If the "perfectly corrigible agent" it something that only reflects on itself and tries to empower the principal to fix it, it would be useless at anything else, like curing cancer.

I think obedience is an emergent behavior [AF(p) · GW(p)] of corrigibility. The intuitive story here is that how the AI moves its body is a kind of action, and insofar as the principal gives a command, this is an attempt to "fix" the action to be one way as opposed to another. Responding to local, verbal instructions is a way of responding to the corrections of the principal. If the principal is able to tell the agent to fetch the apple, and the agent does so, the principal is empowered over the agent's behavior in a way that that would not be if the agent ignored them.

More formally, I am confused exactly how to specify where the boundaries of power should be, but I show a straightforward way to derive something like obedience from empowerment in doc 3b. [? · GW]

Overall I think you shouldn't get hung up on the empowerment frame when trying to get a deep handle on corrigibility, but should instead try to find a clean sense of the underlying generator and then ask how empowerment matches/diverges from that.
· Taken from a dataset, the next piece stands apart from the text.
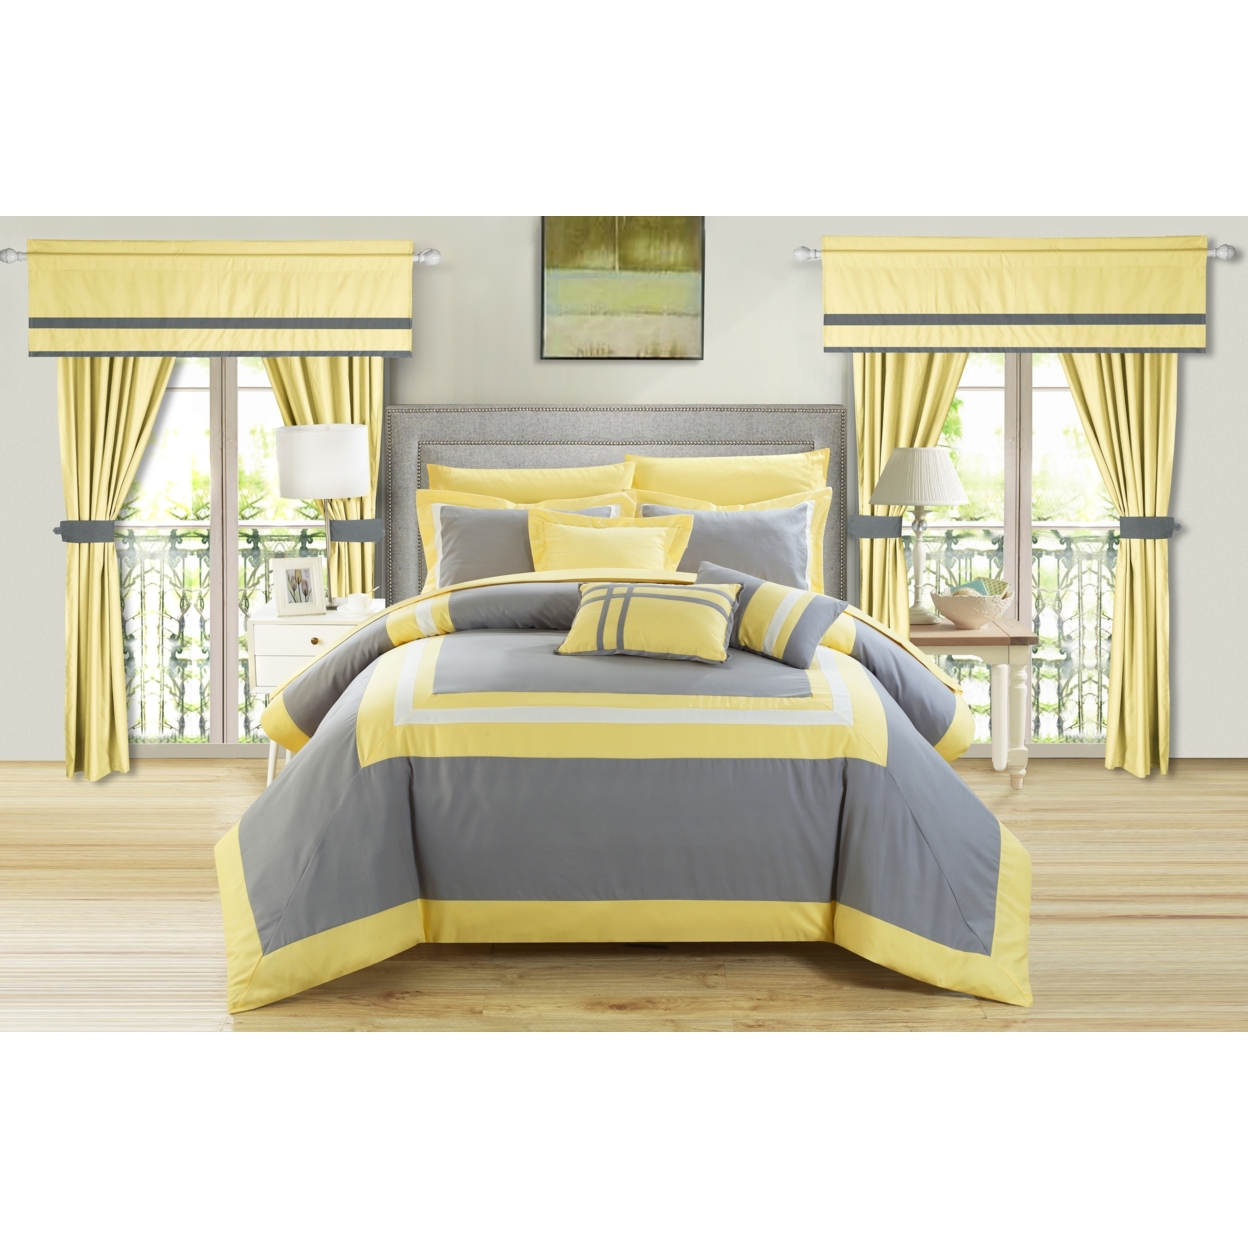 Chic Home 20-Piece Bertran Complete Master Bedroom Set and Comforter Set

comment by Max Harms (max-harms) · 2024-06-12T15:44:19.050Z · LW(p) · GW(p)
  • In "What Makes Corrigibility Special", where you use the metaphor of goals as two-dimensional energy landscape, it is not clear what type of goals are being considered.
    • Are these utility functions over world-states? If so, corrigibility cannot AFAIK be easily expressed as one, and so doesn't really fit into the picture.
    • If not, it's not clear to me why most of this space is flat: agents are embedded and many things we do in service of goals will change us in ways that don't conflict with our existing goals, including developing. E.g. if I have the goal of graduating college I will meet people along the way and perhaps gain the goal of being president of the math club, a liberal political bent, etc.

The idea behind the goal space visualization is to have all goals, not necessarily those restricted to world states. (Corrigibility, I think, involves optimizing over histories, not physical states of the world at some time, for example.) I mention in a footnote that we might want to restrict to "unconfused" goals.

The goal space is flat because preserving one's (terminal) goals (including avoiding adding new ones) is an Omohundro Drive and I'm assuming a certain level of competence/power in these agents. If you gain terminal goals like being president of the math club by going to college, doing so is likely hurting your long-run ability to get what you want. (Note: I am not talking about instrumental goals.)